COLLECTED DATA:
++++++

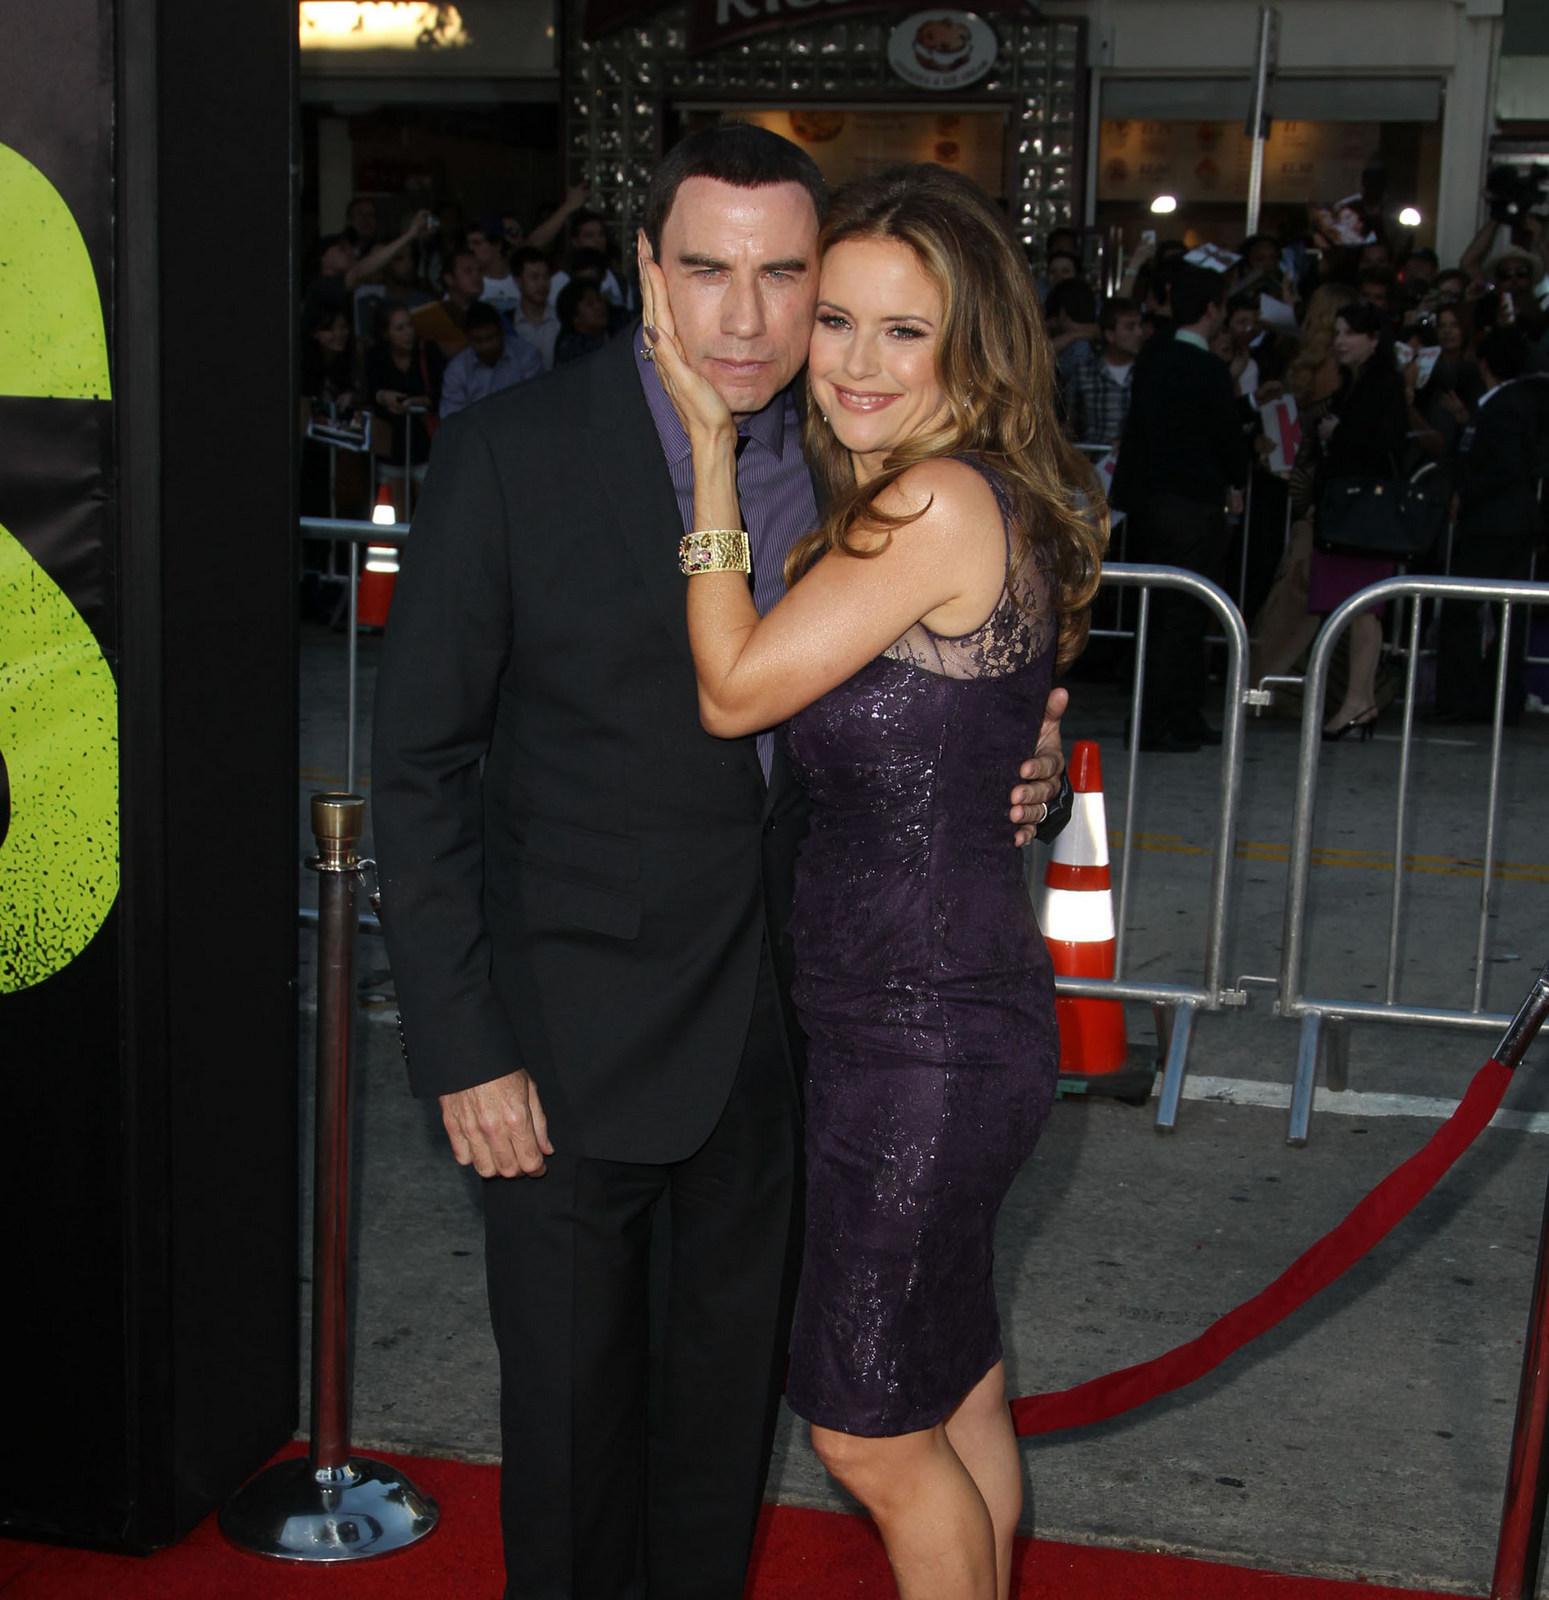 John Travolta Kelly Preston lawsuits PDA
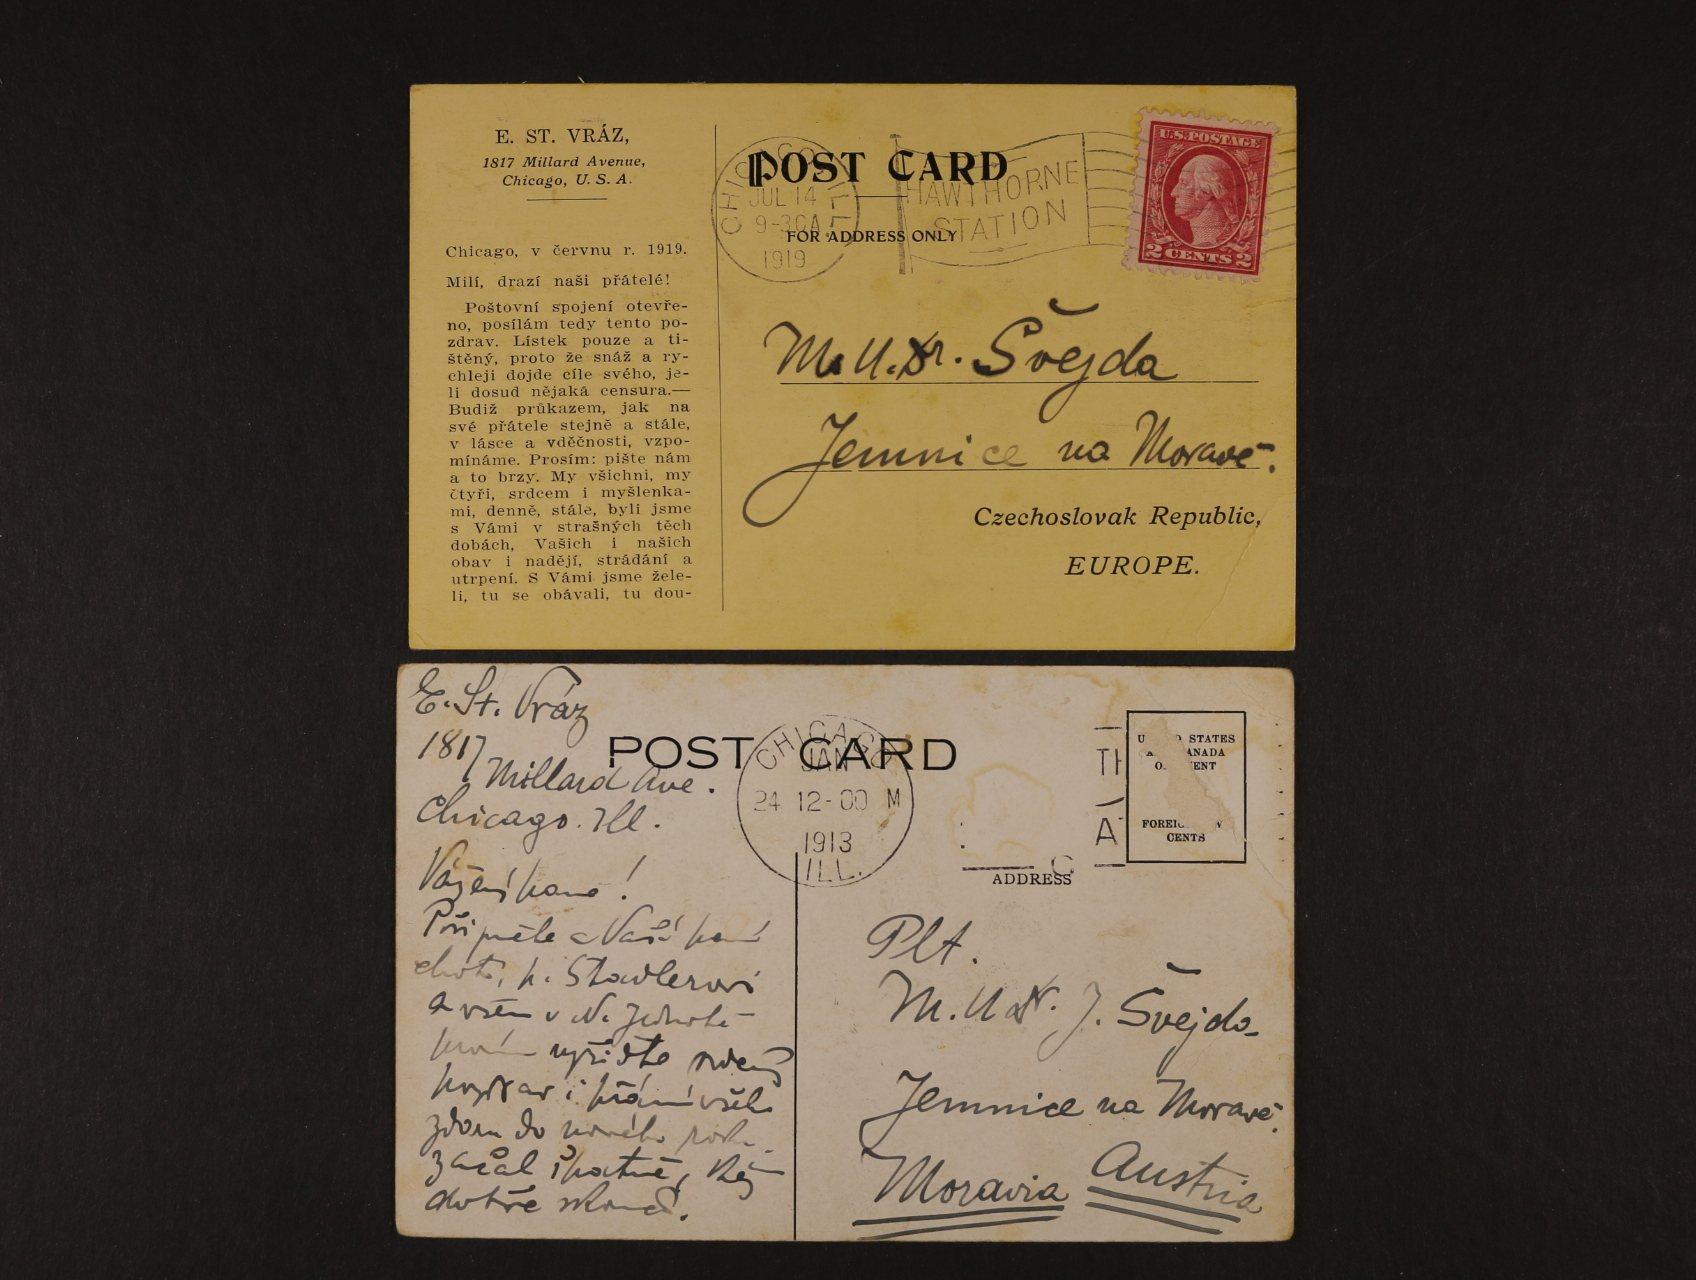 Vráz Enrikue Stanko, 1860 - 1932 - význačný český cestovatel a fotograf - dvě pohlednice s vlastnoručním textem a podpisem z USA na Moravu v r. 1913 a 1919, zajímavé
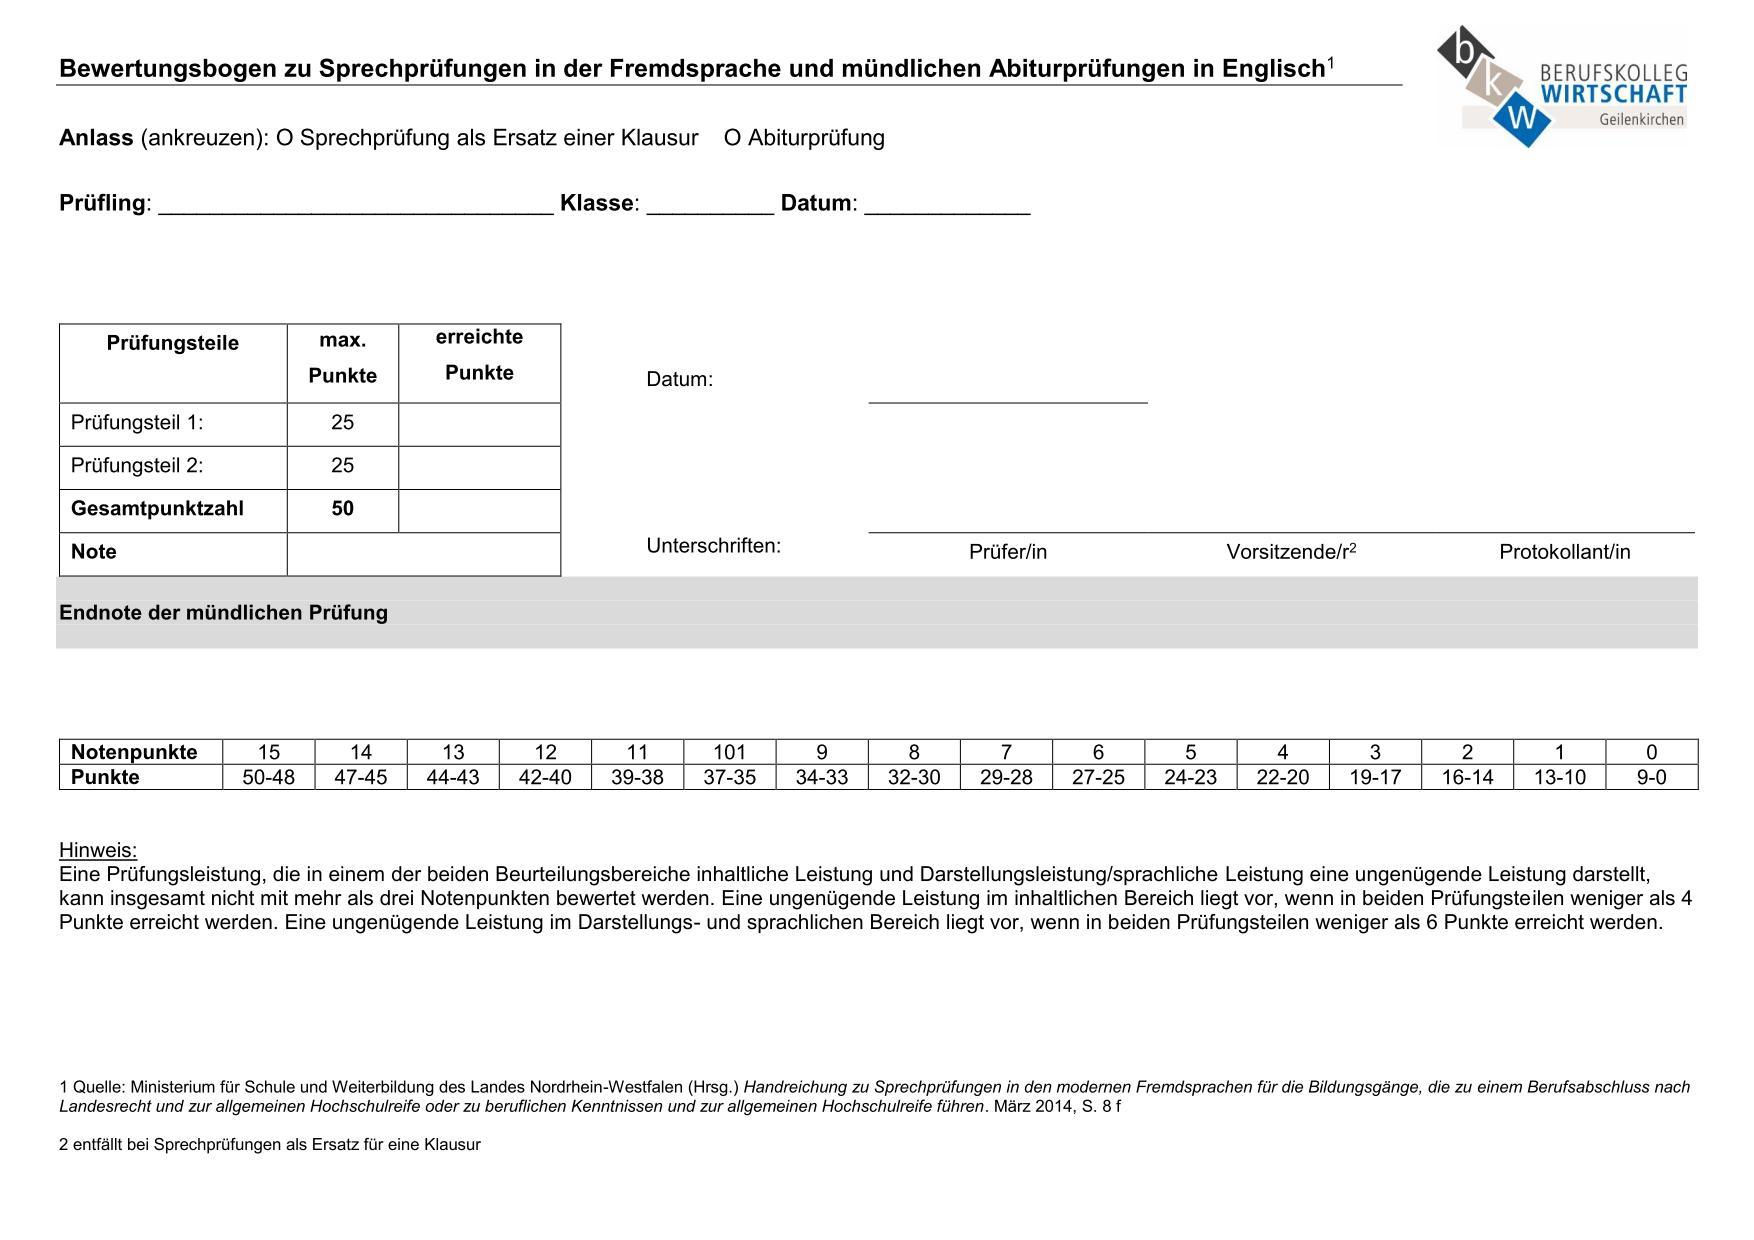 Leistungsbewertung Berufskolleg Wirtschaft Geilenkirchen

++++++

INSTRUCTIONS FOR THE TASK: Exactly as written, copy out the listing, but without any pictures.

RESULT:
 John Travolta Kelly Preston lawsuits PDA
 Vráz Enrikue Stanko, 1860 - 1932 - význačný český cestovatel a fotograf - dvě pohlednice s vlastnoručním textem a podpisem z USA na Moravu v r. 1913 a 1919, zajímavé
 Leistungsbewertung Berufskolleg Wirtschaft Geilenkirchen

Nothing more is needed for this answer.